Leaving the village was an easy decision after that. I needed help. I told my mother I needed legal counsel and she told me of a friend of my father’s. The flood had washed any apprehension out of me. Two nights later, I packed a bag and sneaked out into the night. I got on the first bus headed for the big city. I had never been to the capital and was awed by every sight, every smell around me. The city throbbed with life, thronged with people. It was not easy to find our friend.
The first time I looked at Barrister Kadam, I thought I saw my father. The very same boulder of a man, the same hawk eyes. He did not believe my story but he agreed to help. For his old friend’s sake. Lose hope, he told me on that first day, let effort guide you, not hope. I was convinced if Kanta wanted to be safe, wanted to get help, he would return to our city. But I wasn’t ready to go back just then. I told Barrister Kadam I would work for him. I would earn my way to my city.
I cleaned the house and cooked for him. Then I began to help out in his work – I would file away his paperwork, and soon, every morning, I shuffled along to the court, standing outside uselessly till he came strutting back out in the afternoons. Then I began to talk to people, lawyers and nameless convicts, whoever I could find who would talk.
I read a lot in those days. At first it was hard, words became meaningless squiggles in mere minutes. But I struggled on. When I came to our city a year later, it looked so much smaller than I remembered. For days I stayed fixed to the outer rings of the city, far too afraid to happen upon a bridge, unwilling to take even a glimpse of the river. It took me two weeks to make my way into the city and find my way to a bridge. I walked onto it, expecting to see the wall of white that had struck us. What I saw instead was a dried up waterway, still water with a mass of debris afloat it. A dam broke inside me.
I have been in the city for eight months now. I sell fruits and candies and whatever else comes my way. I cycle to police stations and argue with policemen. I talk to vendors on the streets, beggars near traffic signals, maids and milkmen, I swallow my pride and talk to the street women. But most often of all, I talk to newspaper men, I always talk to newspaper men. I cycle across bridges every day, my saree hitched up to my knees, my hair in a messy bun. Not once in eight months have I seen the water rise. The river lies pent up.

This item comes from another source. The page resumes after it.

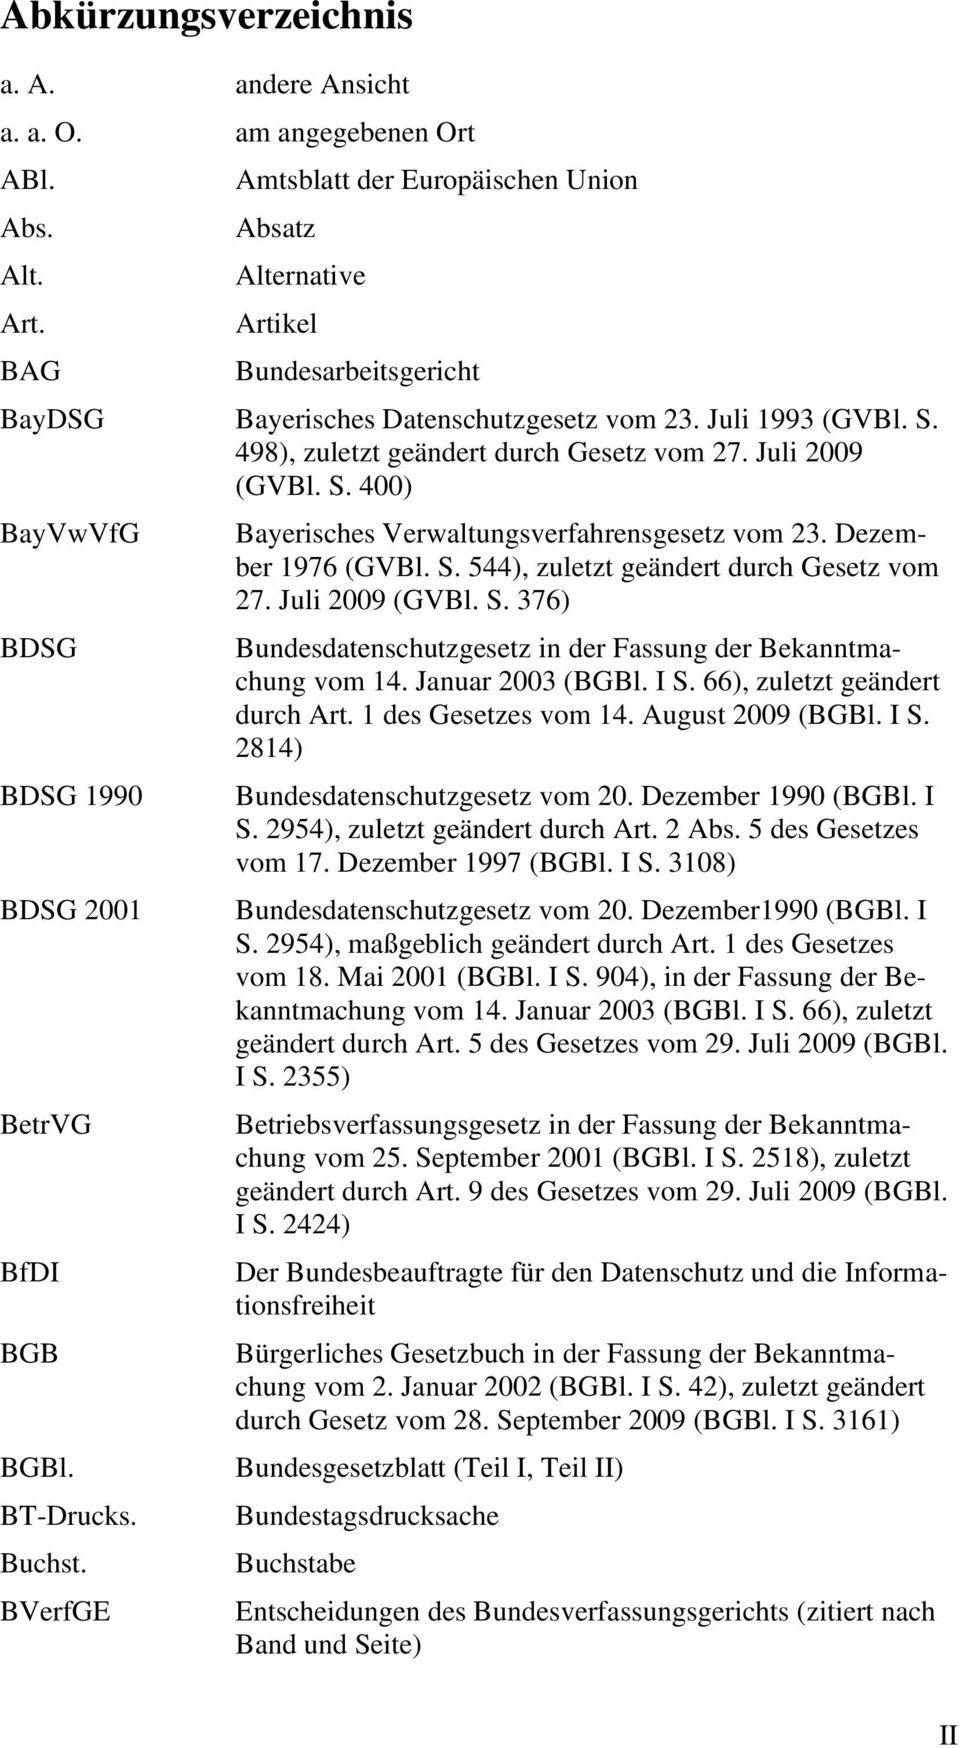 Juli 2009 (GVBl. S. 400) BayVwVfG BDSG BDSG 1990 BDSG 2001 BetrVG BfDI BGB BGBl. BT-Drucks. Buchst. BVerfGE Bayerisches Verwaltungsverfahrensgesetz vom 23. Dezember 1976 (GVBl. S. 544), zuletzt geändert durch Gesetz vom 27.

I confess, I am tired. Of this lifeless existence, of hiding, of laughing at my predicament. Tired of the unfazed authorities, all sorry but none ready to help. Tired of convincing busy newsmen that I am worth their time. Above all, I am tired of missing my husband. We have been dead for a long time, now can we rest in peace? As my grip on hope loosens, I make this final effort to be heard.
If you, reader, live in this city, this big mess which lies on two cursed rivers, look for a ghost of a man. He has a thinning crop of wiry hair and a mole on his sallow cheek. If you live in this big city and you spot a small man dressed in shabby kurta-pajamas, a short man shying away from the traffic, be gentle and ask him his name. And if he says Shrikant Atre, please, tell him his wife is waiting. Tell him to find me.